Camille is finally better, but during the time that she was sick I started giving her big people food, anything that she would eat, I would give her because she was refusing her bottle and baby food. Now that she is healthy, she has become the smallest bottomless pit known to man. This is a big change for her, since she has had a tiny appetite since birth.
Seriously, I think I could feed her every minute of her waking hours and she would gladly eat it up. The kid has some weird taste, which definitely comes from her daddy. So far she has eaten all sorts of raw veggies and fruit including green peppers, raw yellow squash (from our garden!) and cucumbers (also from our garden!), but tomatoes are her favorite. She also loves kiefer and sour crout. The only thing she will not eat is apples, give that baby fermented cabbage any day, but NOT apples. Today I weighed her and she has put on three pounds in the last two weeks.
Yesterday I realized that my baby is only a few weeks from her 1st birthday. That thought took me by total surprise, it is a huge milestone and it seems to have swept up on us in a blink of an eye.

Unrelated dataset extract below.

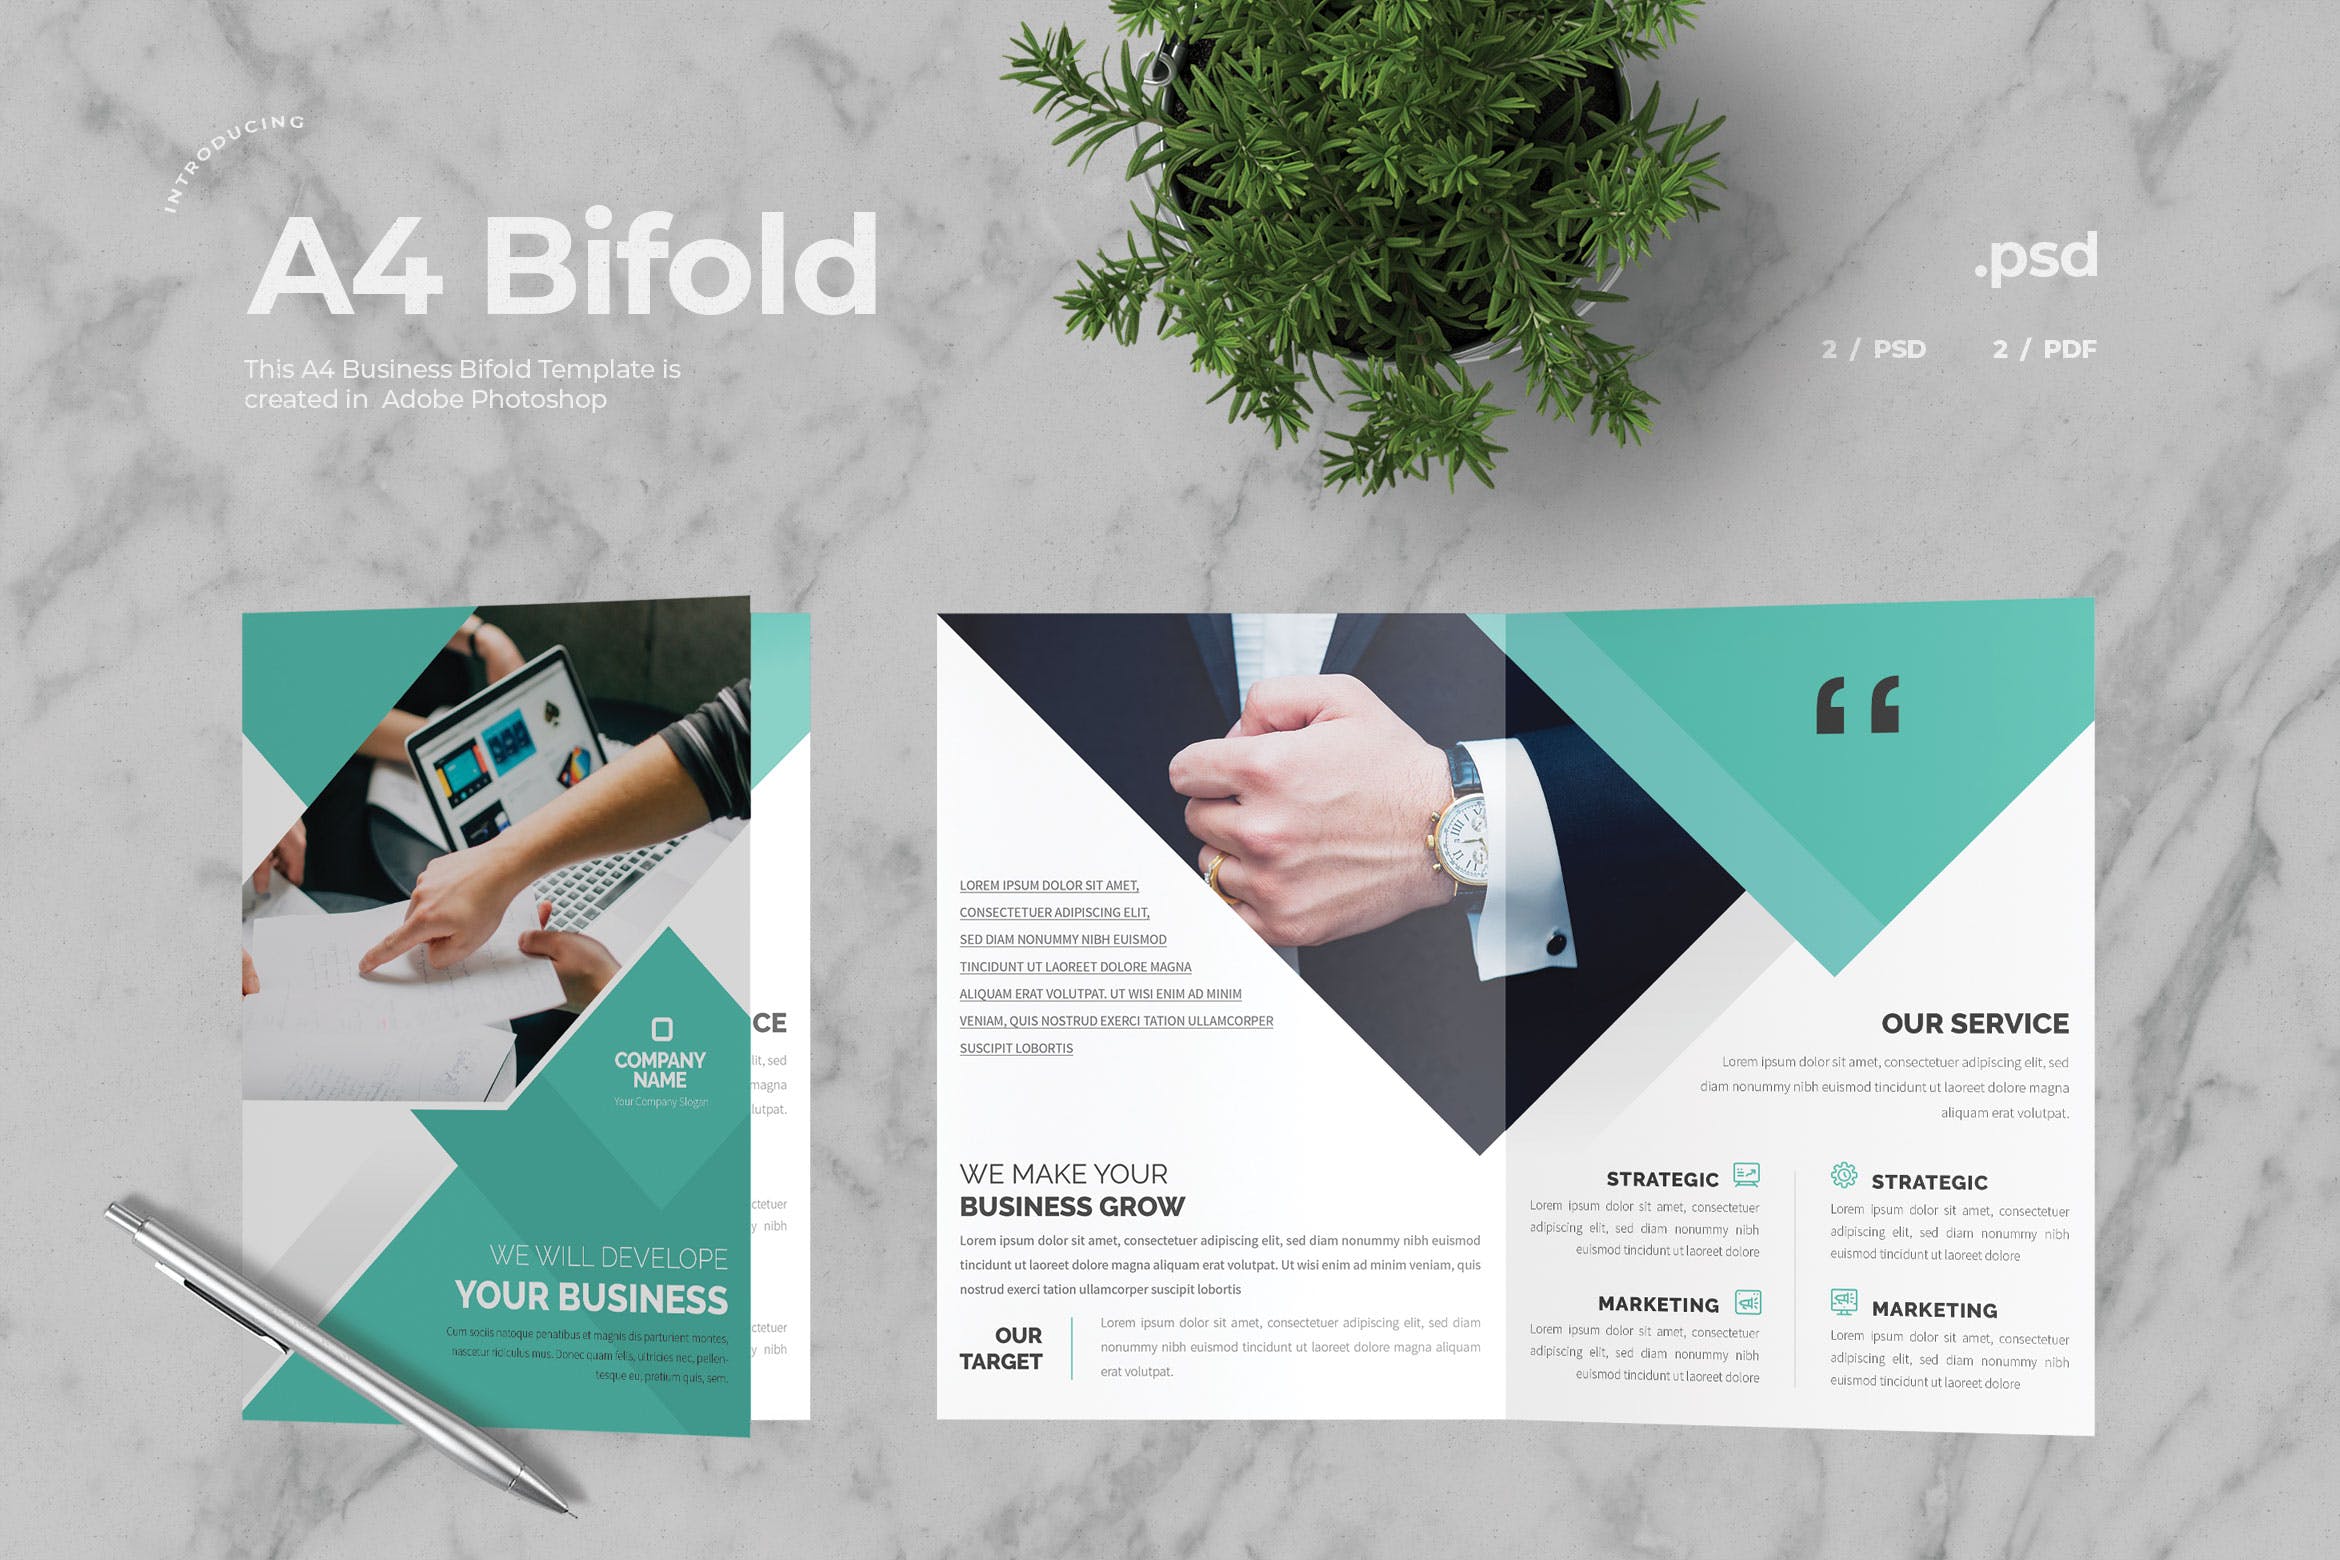 市场调研公司介绍对折页宣传册设计模板v4 Business Bifold Brochure插图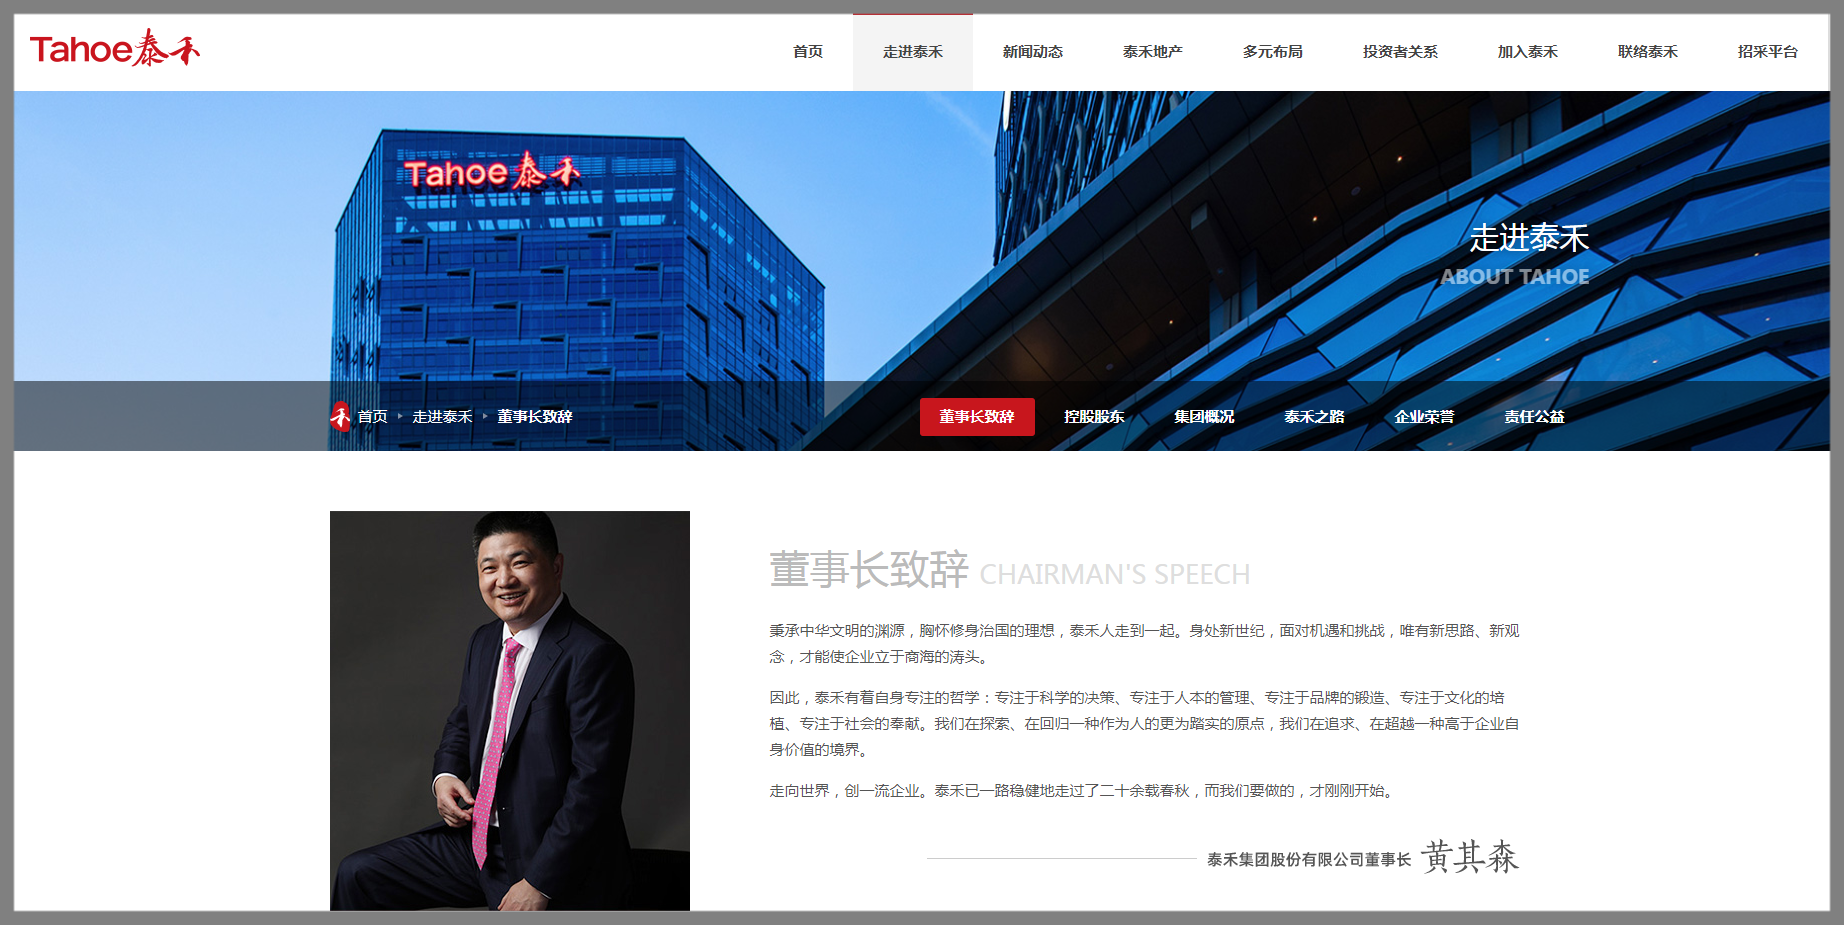 泰禾集团股份有限公司网站栏目《走进泰禾》 董事长致辞局部。.png

Life seems so normal with her as a part of it, but this time last year I could not even imagine what one does day in and day out with a real live baby. Matt always tried to assure me that we would just take her home and keep her alive one day at a time. For some reason those weird words were comforting at the time. Parenting turned out to be much harder, more enjoyable, and dare I say natural than I ever thought possible. Okay, enough of that until a later date, I still have six weeks to reflect on this before the big day.
Camille is not the only thing growing in our life....at last...pictures of the garden!!!
I never knew how enjoyable it could be to grow your own food. It has also made me so much more aware of how what is put in the soil is what you put in your body. Especially things like potatoes, carrots, and onions. After this garden experience I do not think I will ever buy another non-organic root vegetable. We have been picking about thirty pounds (no seriously, we planted way too much) of squash out of the garden every other day. Yesterday we sampled our first cucumber, and the vine is bursting with the little guys just waiting to be transformed into pickles. I also jumped the gun and picked one of the acorn squash, just because it was so beautiful, and I could not wait another minute to have it in my hands. Both the Caffeys and the Erdmans are going to be out of town at the same time, so I am trying to find people to pick the garden and enjoy its wealth while we are gone. I almost feel like it is a beloved pet we are leaving behind.
6 comments:
I so wish you would have gotten a close up picture of those beautiful peppers. They started out so puny that I thought they would wither and die,instead they have turned into beautiful pepper producing plants. I also love this gardening. Abundance is not bad, instead it is a blessing to others also.
look at you and your two posts in two weeks! :)
PLEASE don't be sick! We are supposed to do fun things far away from toilets...
The garden looks beautiful...I have sooo much garden envy. (sigh)
I'm with you on the garden envy and I wish so bad I could get out to Tahoe this weekend. I miss you guys.
The garden looks incredible.
I love this line of yours: It has also made me so much more aware of how what is put in the soil is what you put in your body.
Tamie and I can't wait to see you guys; it's only about a month away!
I remember a few years back starting to kind of wake up from the typical American Consumeristic way of life by asking the simple question: where does all this trash go that we set outside on the curb?
Since we are so disconnected from the land and the earth, the disposable society is all we know. So, we wind up using and trashing so much more stuff than we need to. But, so much of it goes back to what you are talking about, about appreciating the food-growing process. When we can mentally (and physically!) connect the land to our food, then we are less cavalier about producing so much trash and pollutants.
beautiful!!
I have two tiny (but promising tomoato plants :) that I'm proud of. Where do you guys live??